Wraps Apple's CoreML runtime (MLModel). Loads compiled .mlmodelc packages and delegates hardware scheduling (ANE/GPU/CPU) to Apple's runtime. Supports model loading and prediction — no LLM-specific decode loop or KV cache management.

ANE Direct (experimental)

Bypasses CoreML to talk directly to the Neural Engine using reverse-engineered private APIs (_ANECompiler, _ANEInMemoryModel).
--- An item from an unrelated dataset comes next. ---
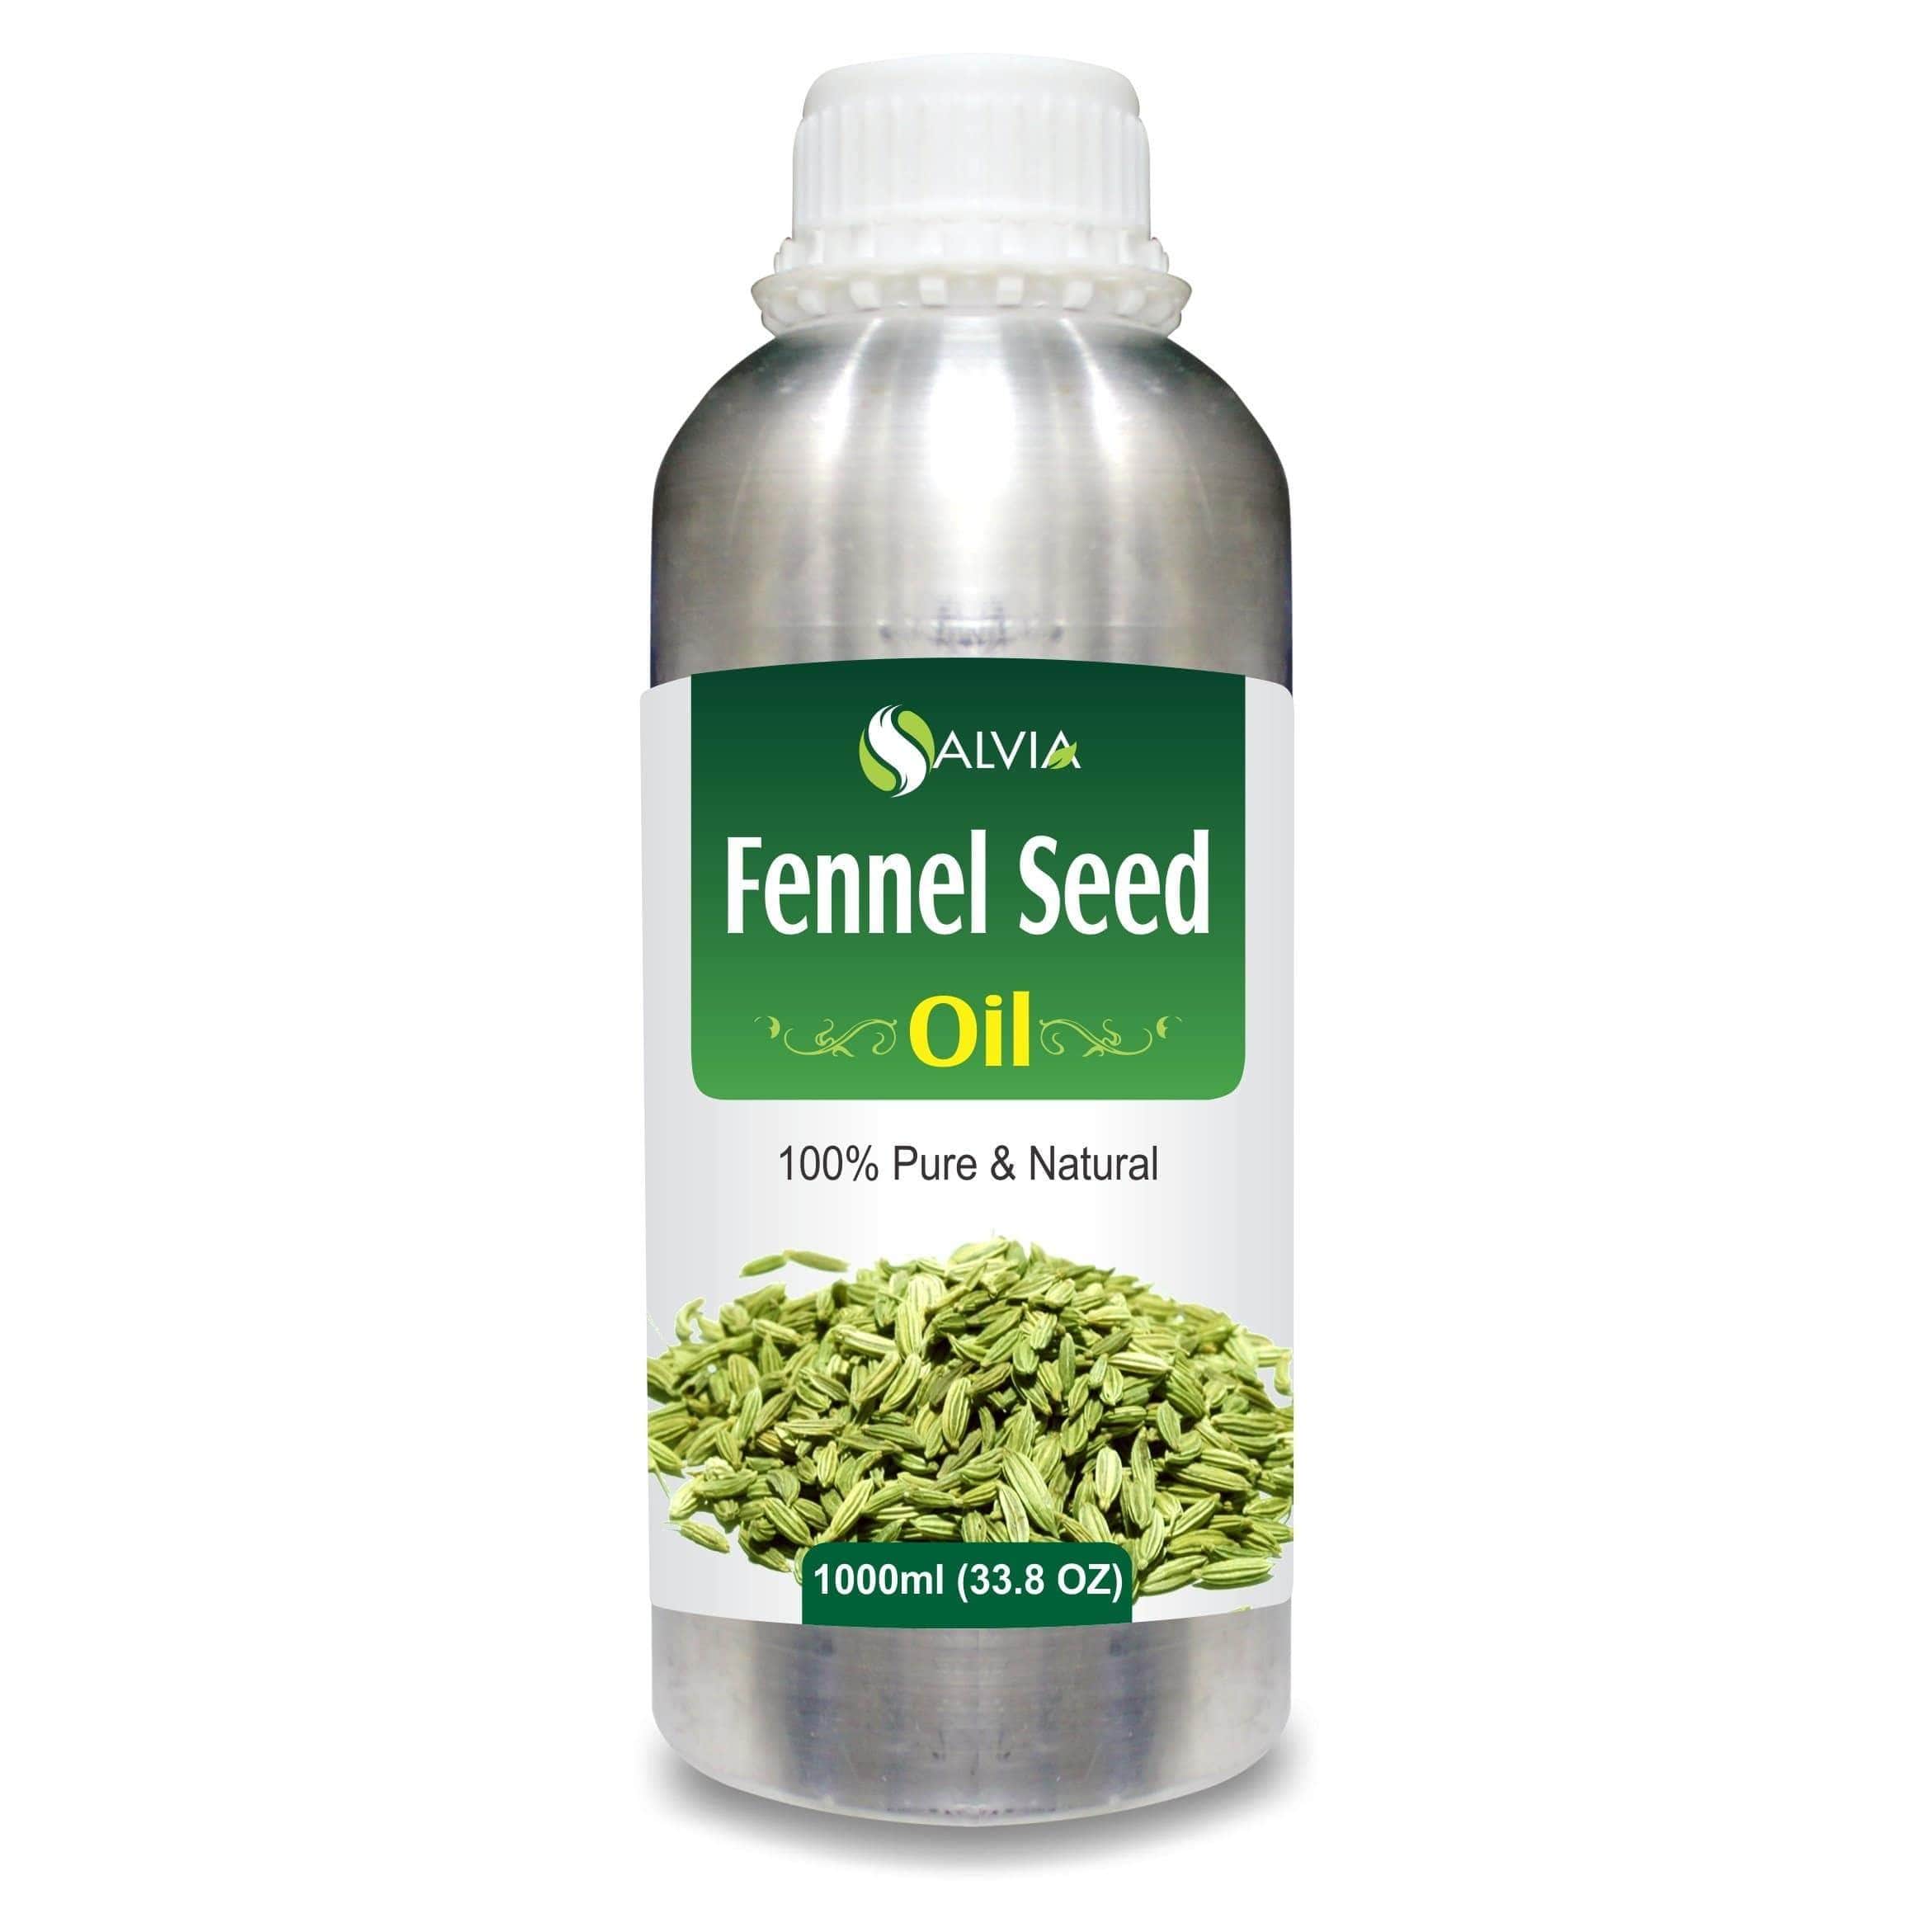 Fennel Seed oil benefits

Loads pre-compiled .ironml bundles:

  • IOSurface-backed tensor I/O for ANE-compatible memory layout
  • TurboQuant: INT8 KV cache compression with Hadamard rotation and on-ANE dequantization
  • Autoregressive decode loop with ANE-accelerated lm_head via chunked conv1×1

Usage

CLI

cargo install --path crates/ironmill-cli

Commands

COMMANDS:
  compile           Compile a model to CoreML, ANE, or Metal format
  inspect           Print model structure and metadata
  validate          Validate model for target hardware compatibility
  compile-pipeline  Compile a multi-stage pipeline from a TOML manifest
  pipeline-report   Compare two pipeline configurations

compile

Convert an ONNX, SafeTensors, GGUF, or CoreML model to an optimized output format.

Key flags:

Flag Description
-o, --output <PATH> Output path (default: derived from input)
-t, --target <TARGET> Compute units: all, cpu-only, cpu-and-gpu, cpu-and-ne, gpu
-q, --quantize <MODE> Quantization: none, fp16, int8, mixed-fp16-int8, awq, int4, gptq, d2quant
--cal-data <DIR> Calibration data directory (for INT8, AWQ, or GPTQ)
--polar-quantize <BITS> PolarQuant weight quantization (2 or 4 bit)
--palettize <BITS> Weight palettization bit-width (2, 4, 6, or 8)
--quip-sharp QuIP# (E8 lattice) 2-bit weight quantization
--input-shape <NAME:SHAPE> Set concrete input shape for ANE (repeatable)
--ane Emit ANE-optimized ops (1×1 conv projections, decomposed RMSNorm, etc.)
--ane-memory-budget <SIZE> ANE memory budget per op (e.g. 1GB, 512MB)
--runtime <BACKEND> Runtime backend: coreml (default), ane-direct (experimental)
--kv-quant <MODE> KV cache quantization: none, turbo-int8
--pipeline-config <PATH> TOML pipeline configuration (overrides default passes)
--no-fusion Disable fusion and optimization passes
--moe-split Split MoE model into per-expert .mlpackage files
--moe-bundle Bundle MoE experts as functions in a single .mlpackage
--split-draft-layers <N> Split model for speculative decoding (draft + verifier)
--annotate-compute-units Annotate ops with preferred compute unit (ANE/GPU/CPU)

inspect

Print model structure and metadata for .onnx, .mlmodel, or .mlpackage files.

validate

Check whether a model is compatible with the Apple Neural Engine.

Flag Description
--format <FMT> Output format: text (default) or json

compile-pipeline

Compile a multi-ONNX pipeline from a TOML manifest into coordinated .mlpackage outputs.

Flag Description
-o, --output <DIR> Output directory for .mlpackage files and pipeline.json

pipeline-report

Compare two pipeline configurations on a model and report metrics.

Flag Description
--config-a <PATH> Path to the first pipeline config (TOML)
--config-b <PATH> Path to the second pipeline config (TOML)

Examples

# Basic CoreML conversion
ironmill compile model.onnx

# FP16 quantization with explicit output path
ironmill compile model.onnx -o output.mlpackage --quantize fp16

# Weight-only INT8 quantization
ironmill compile model.onnx --quantize int8

# Fixed input shapes for ANE compatibility
ironmill compile model.onnx --input-shape "input:1,3,224,224"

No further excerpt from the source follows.